Question

find the vertices for the ellipse (x+1)^2 + 4(y+3)^2 = 9

Answer 1

standard form of an ellipse with vertices at h and k is given by

\[(x-h)^{2}/a ^{2} + (y-k)^{2}/b ^{2}= 1\]

Answer 2

so compare and get the answer !

Answer 3

so the vertices are h and k right??

Answer 4

Yes in that given general equation its, h, k.. so in your equation what is h and k?

Answer 5

it would be 1 and 3

Answer 6

No.. check properly.. if it was 1 and 3.. the equation to the ellipse would be (x-1)^2 + 4(y-3)^2 = 9

Answer 7

so.. what is it??

Answer 8

it would be -1 and -3 ??

Answer 9

Bingo!

Answer 10

so thats the vertices??and thats it??

Answer 11

Yup that's it.. kind of a puny question eh?? Go ask your teachers to give you better problems to solve :P

Answer 12

You should check your definitions (google works) See
http://www.mathwords.com/v/vertices_of_an_ellipse.htm
for what the vertex is.

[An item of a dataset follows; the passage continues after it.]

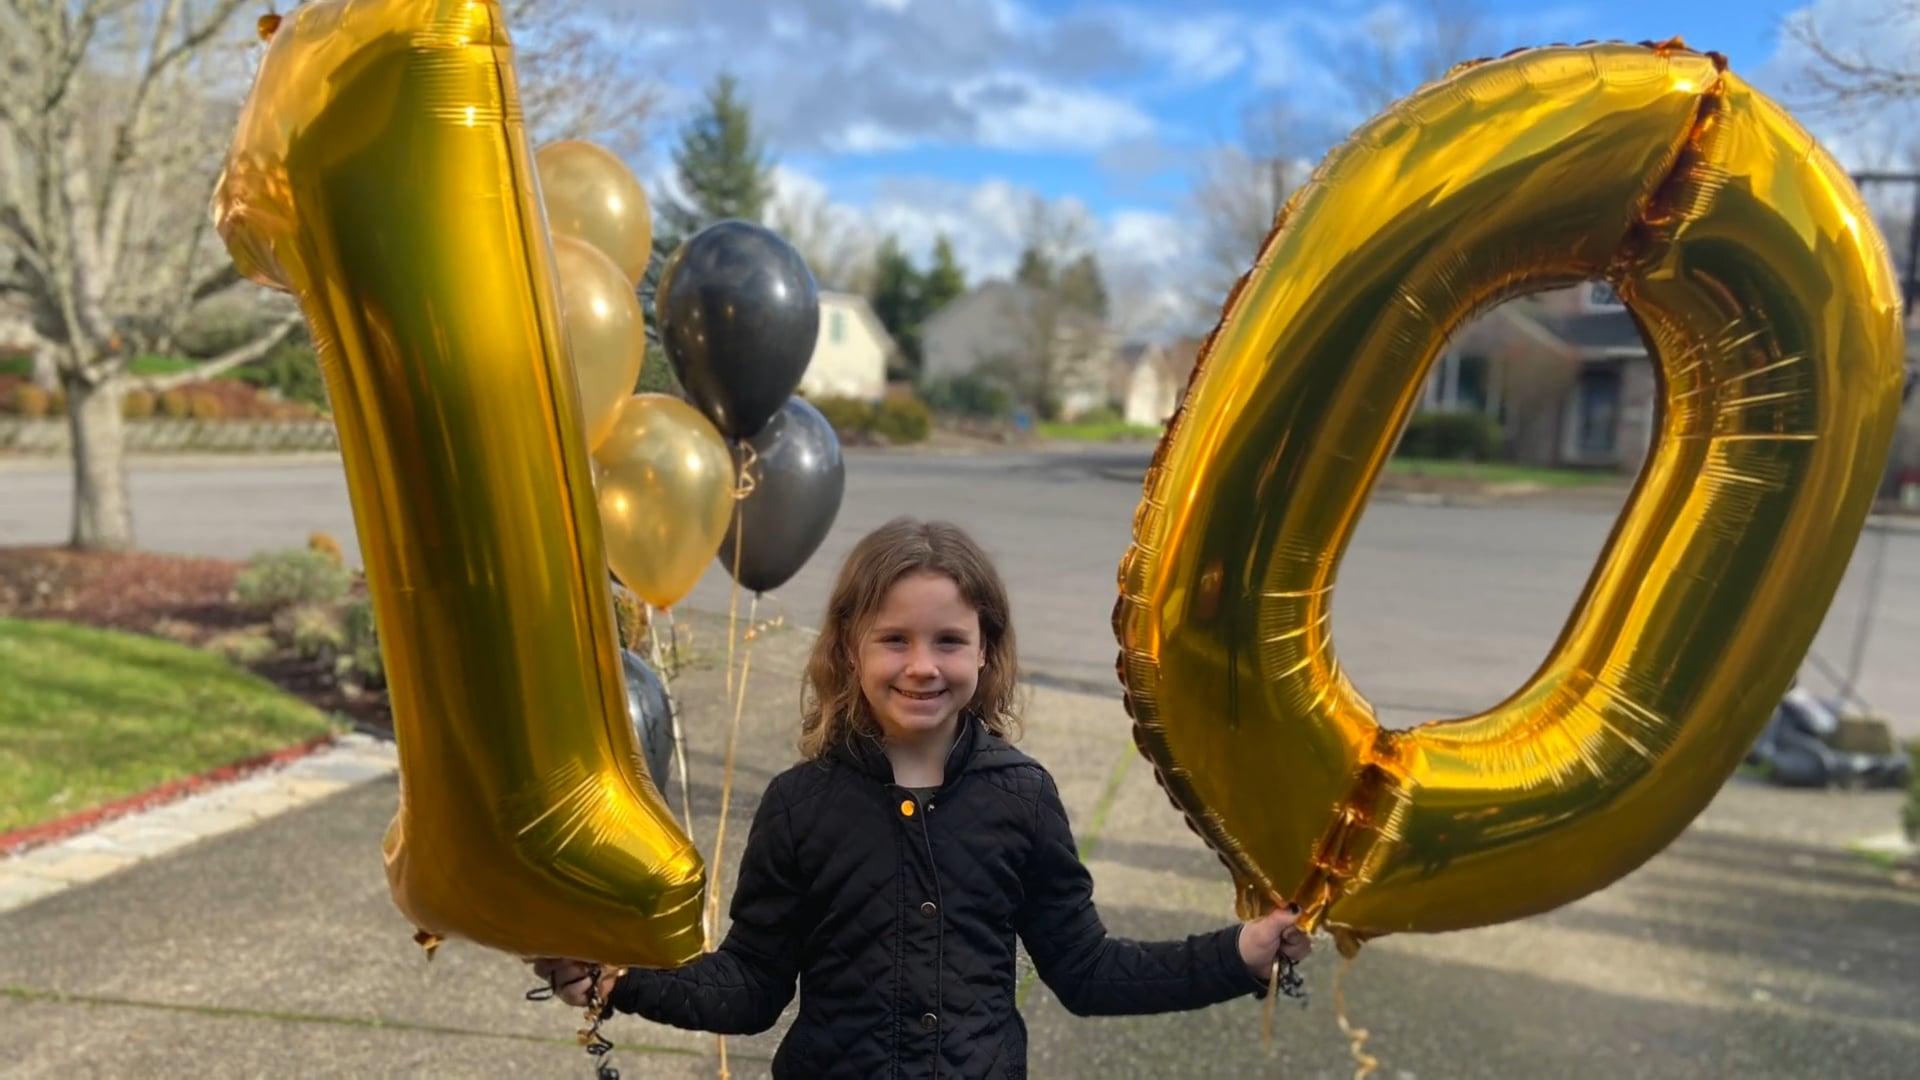 Savannah's 10th Birthday

You found the center of the ellipse

Answer 13

Your equation is (x+1)^2 + 4(y+3)^2 = 9
in standard form this is
\[ \frac{(x+1)^2}{3^2}+\frac{(y+3)^2}{(\frac{3}{2})^2}=1 \]
The semi-major axis is the longest axis. Here it is 3 (denominator of x term)

the center is (-1,-3) and when y= -3 you are on the semi-major axis. x= -1+3= 2 or
x= -1-3= -4
and the vertices are (-4,-3) and (2,-3)

Answer 14

Here is a graph of it

Answer 15

thank you both :)